Maruti Suzuki was the first and most successful multinational car manufacturer in India, and it wasn’t until 1991, when India began to further liberalise the automotive market, that it faced any real competition from foreign firms.

So by the time any rivals came on the scene, Maruti Suzuki was already well established on Indian soil, with cars like the Maruti 800 dominating the market.

The reason the firm was so popular then, and remains so popular now, is also down to how well-suited its line-up is to the market.

Suzuki may be eyeing up crossover conquests abroad with the new Vitara and SX4 S-Cross, but Maruti Suzuki remains largely focused on its values as a cheap and cheerful small hatchback manufacturer, although tentative steps into the more premium sector have been taken recently.

Its extensive small car range includes the Swift, Celerio, Wagon R and Alto.
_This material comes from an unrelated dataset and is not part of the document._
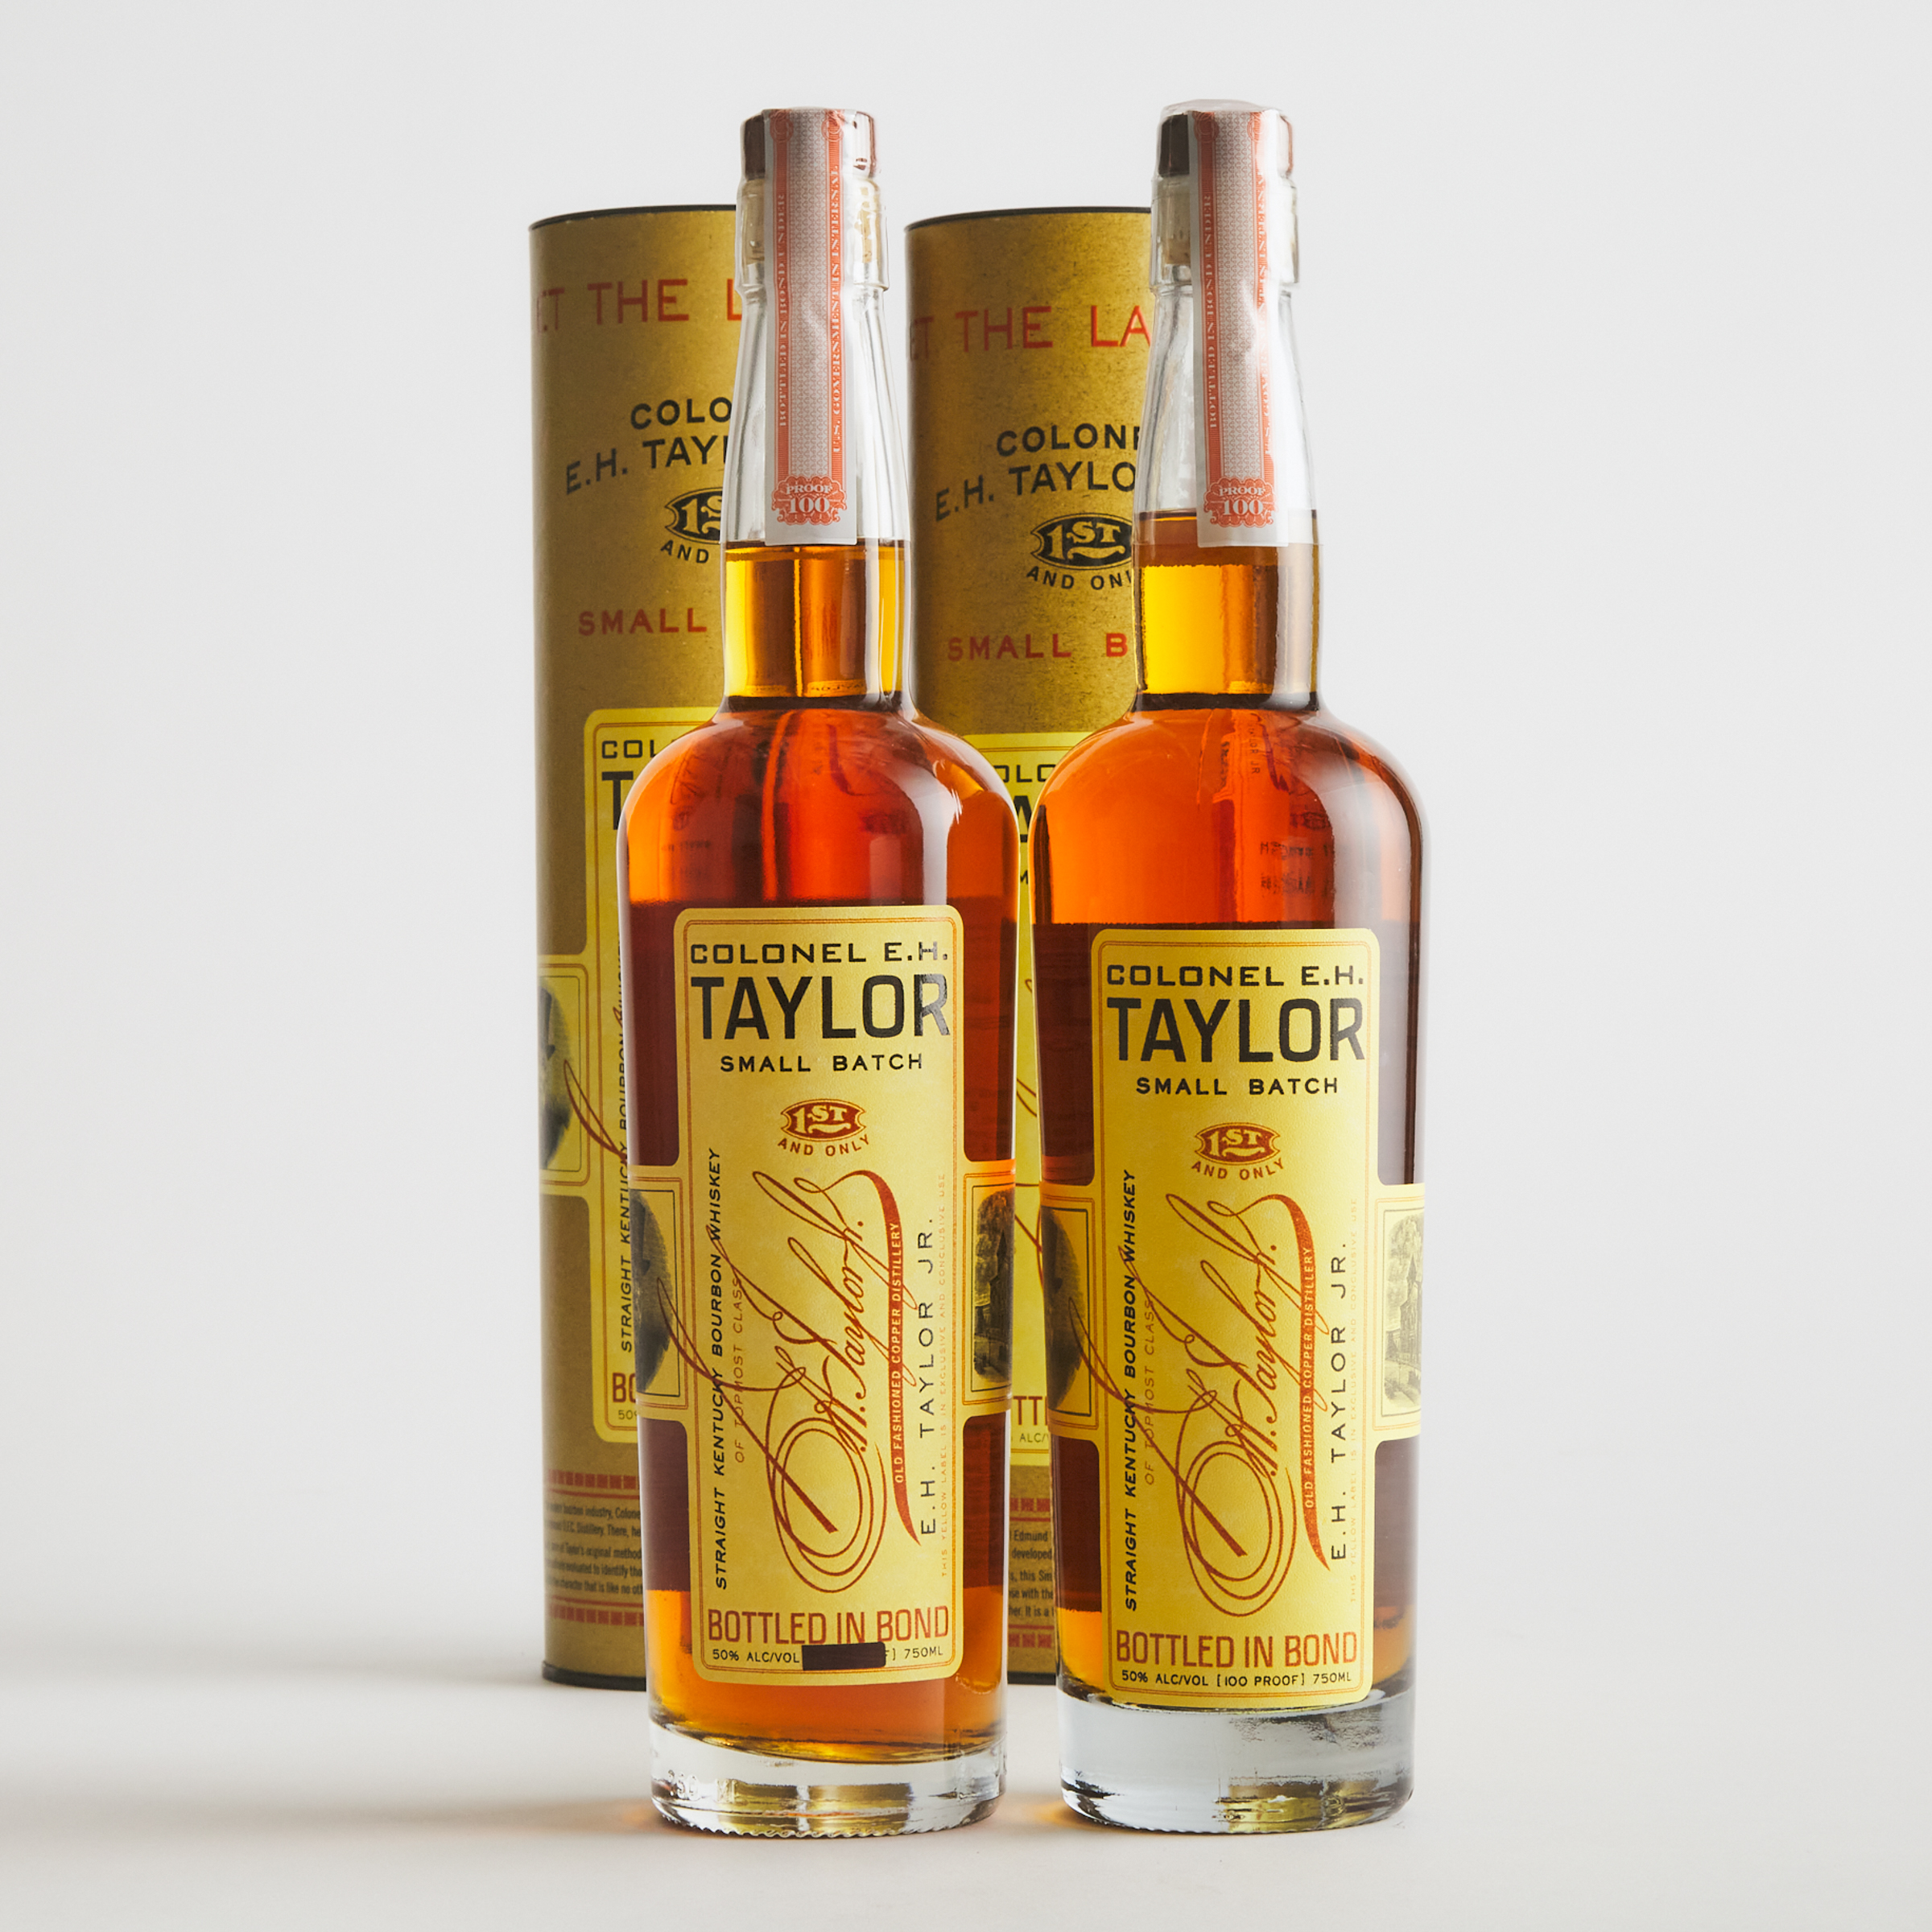 COLONEL E.H. TAYLOR JR. SMALL BATCH STRAIGHT KENTUCKY BOURBON WHISKEY (TWO 750 ML)

The Baleno has just joined its ranks, too, becoming the sixth best-selling car in the country during its November 2015 launch and the first car the company will make in India and sell globally. It’s not resting on its laurels, either. The Ignis, based on the iM-4 concept, is on its way too, with a launch reportedly set for the end of 2016.

The manufacturer has also embraced development around India’s car tax laws to further establish its grip on the market. Cars more than four-metres long have to pay an additional tax rate, which doesn’t trouble Maruti Suzuki’s small hatchbacks and saloons, and cars that are built in India don’t have to pay import tax, which gives them an advantage over other rivals built abroad. There’s also a great interest from buyers in locally built cars as opposed to foreign rivals, which helps sales further.

Maybe the most important factor, though, is the cheap price range. While India recently overtook China in having the world's fastest-growing big economy, buying a new car is something only a small proportion of the population can afford. And people buy with confidence in the revered brand thanks its vast number of garages and dealerships, which have helped build a reputation for reliability and support, as well as a fruitful supply of cheap parts.